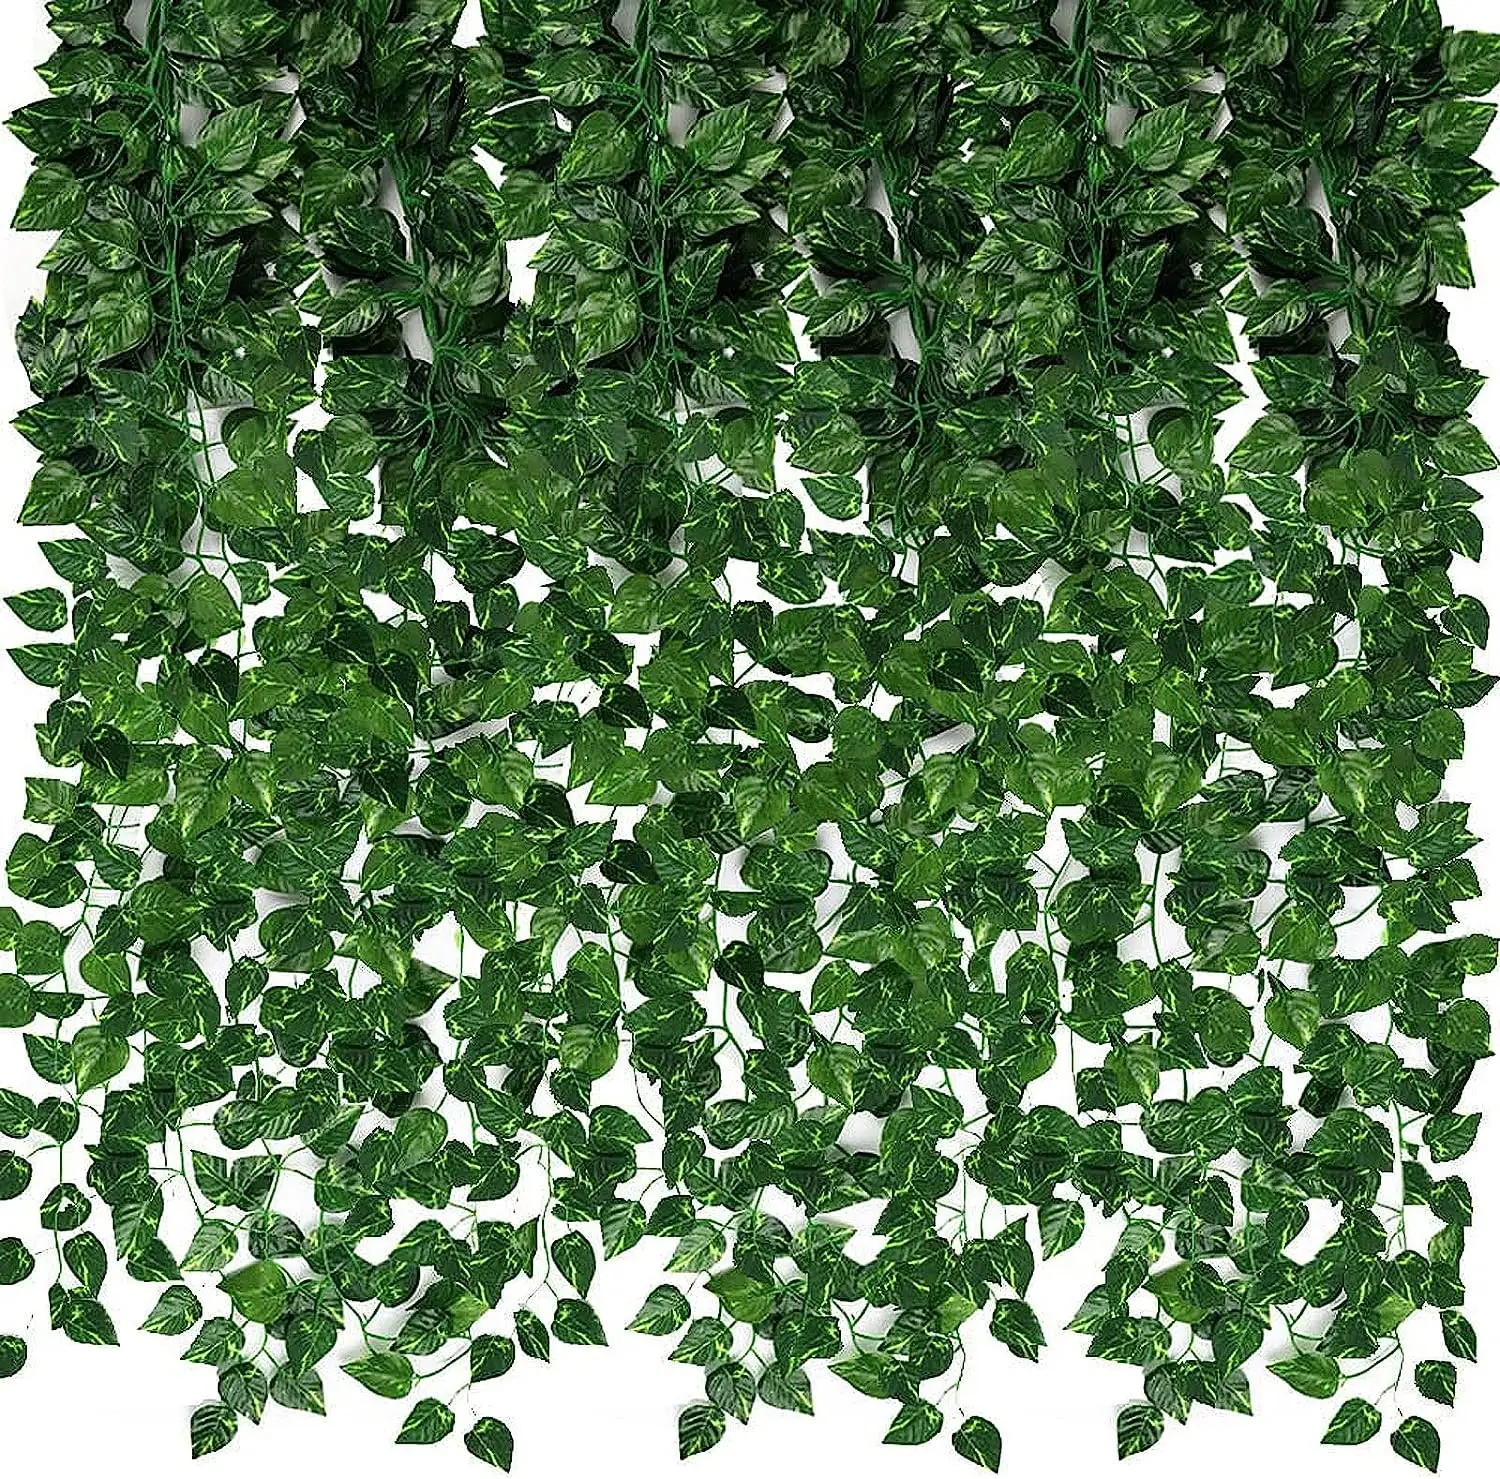 人工アイビー緑ガーランド偽のつる植物をぶら下げ背景寝室の壁の装飾ジャングルテーマパーティー結婚式の緑の葉
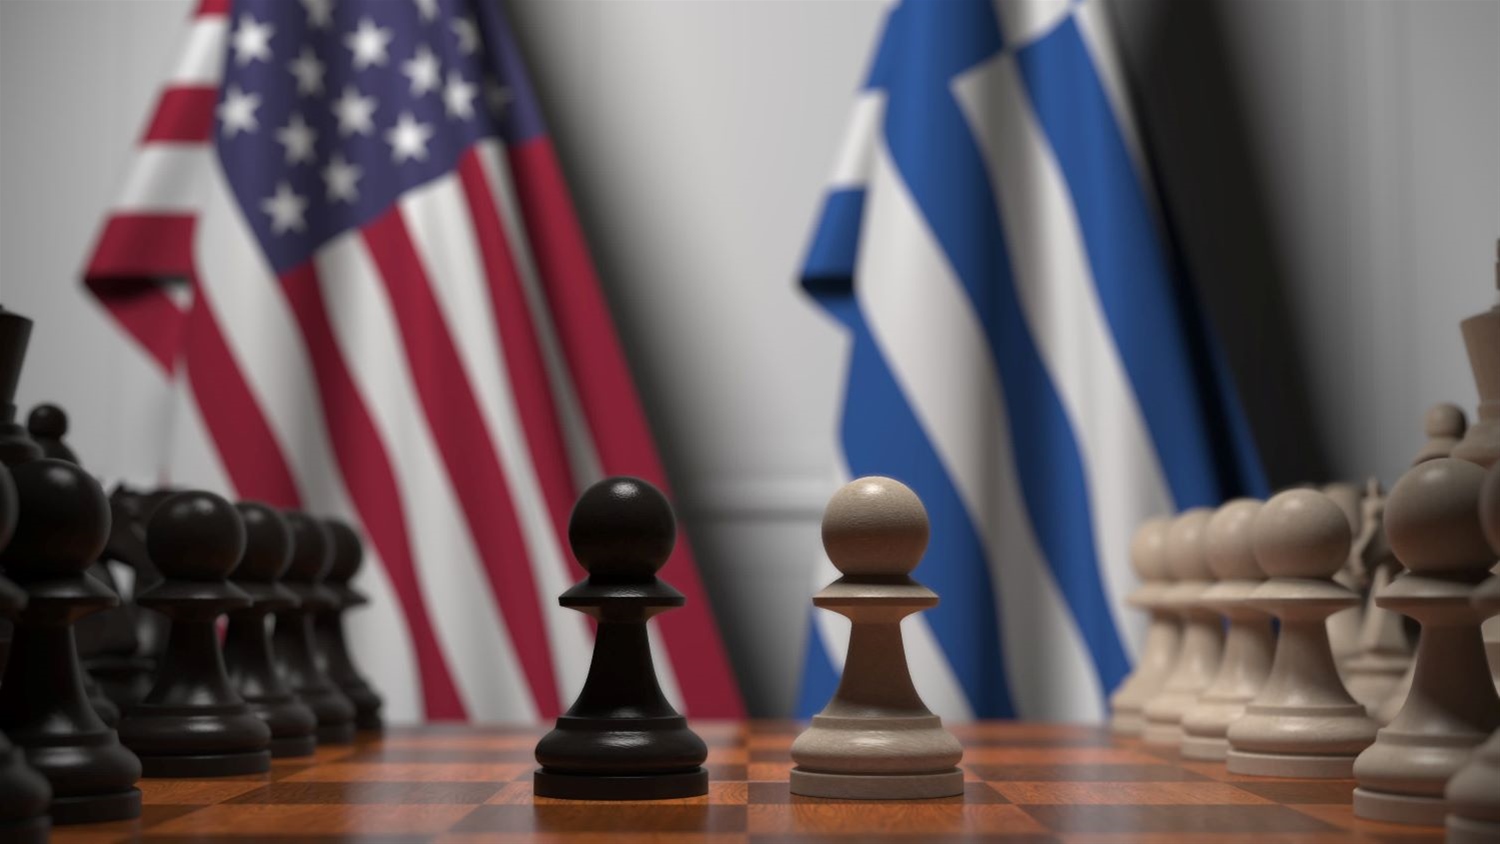 Ποια η επόμενη μέρα των σχέσεων Ελλάδας - ΗΠΑ;
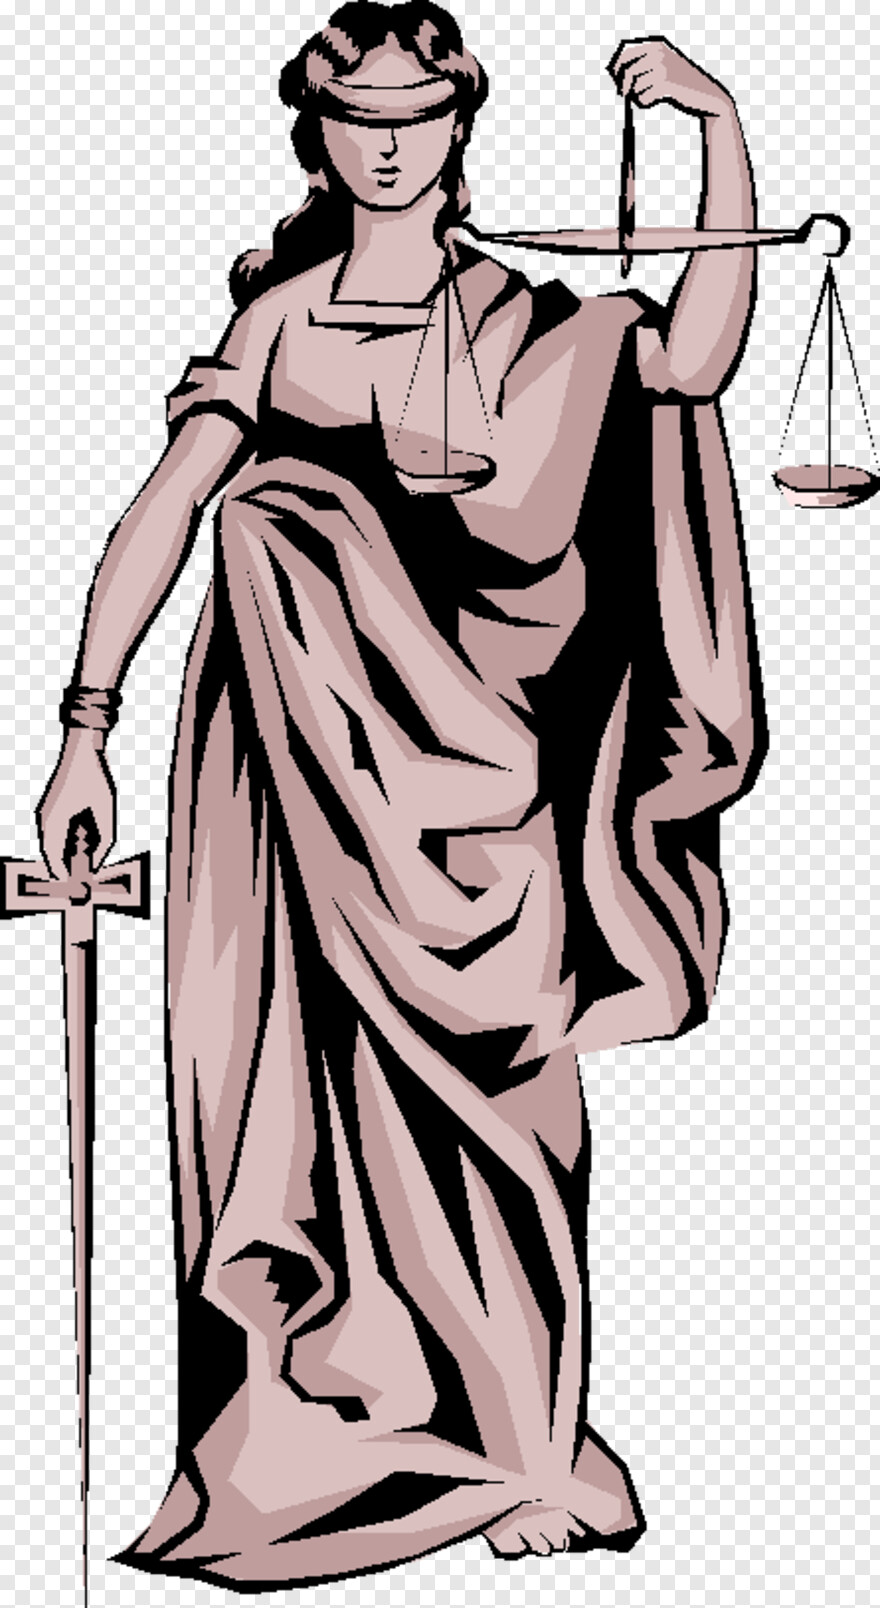 Scales Of Justice, Justice League Logo, Justice, Victoria Justice
----------------------------------------
_Task details_
The response consists of the data above printed line for line, with no pictures.

_Worked solution_
 人工アイビー緑ガーランド偽のつる植物をぶら下げ背景寝室の壁の装飾ジャングルテーマパーティー結婚式の緑の葉
 Ποια η επόμενη μέρα των σχέσεων Ελλάδας - ΗΠΑ;
 Scales Of Justice, Justice League Logo, Justice, Victoria Justice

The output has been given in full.